A igualdade econômica diz respeito a uma estrutura externa cuja função 
é fazer com que instituições como o sistema de mercado, o sistema legal 
e a rede de amparo social possibilitem que os indivíduos tenham seus 
direitos de propriedade garantidos, que possam desenvolver suas 
capacidades com a correta alocação de custos e benefícios e que 
possam decidir livremente como utilizar seus recursos materiais e 
humanos em condições de mercado que não os discriminem 
relativamente às oportunidades disponíveis.
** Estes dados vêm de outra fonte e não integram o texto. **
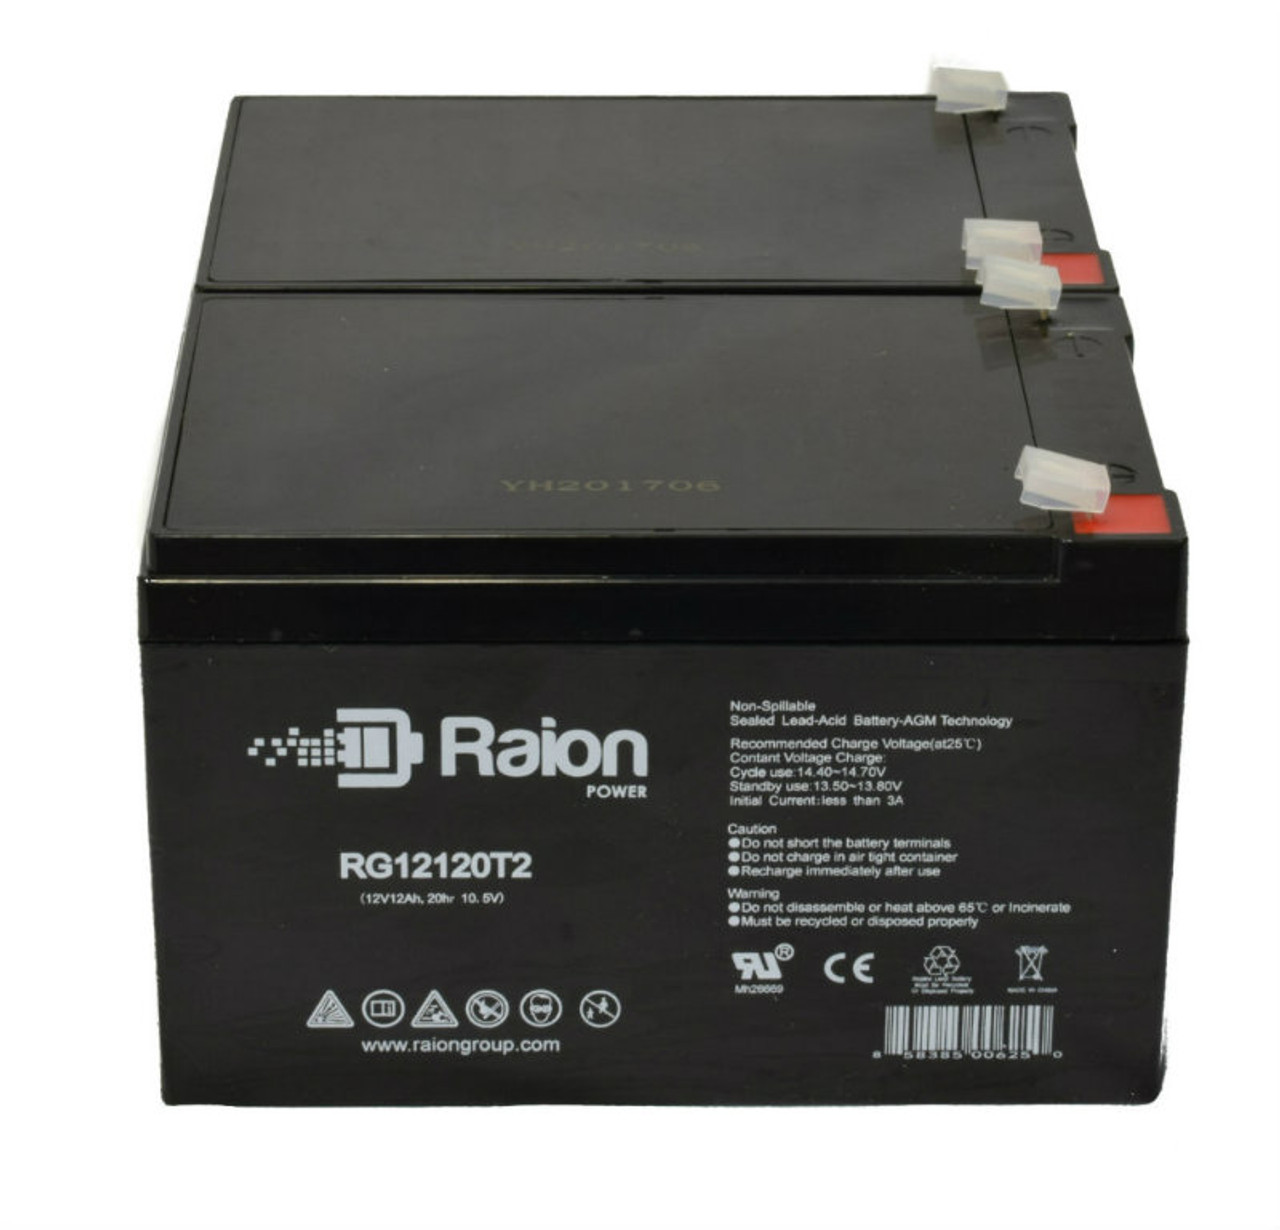 Raion Power 12V 12Ah Non-Spillable Compatible Replacement Battery for Canbat CBL12-12 - (2 Pack)

No contexto jurídico, existe 
igualdade entre os indivíduos relativamente à Lei se um indivíduo sendo 
réu em um processo, referente a um certo crime cometido sob certa 
circunstância, puder ser substituído por qualquer outro indivíduo que 
tenha cometido o mesmo crime sob a mesma circunstância sem que seja 
necessário que se altere o procedimento legal do processo. No contexto 
civil, existe igualdade entre dois indivíduos se, sob a mesma 
circunstância,ambos possuem o mesmo conjunto de direitos e deveres. 
No contexto moral, existe igualdade se dois indivíduos distintos que se 
encontrem sob a mesma circunstância possuírem o mesmo conjunto de 
prerrogativas para aplicação de seus critérios de judicação moral. 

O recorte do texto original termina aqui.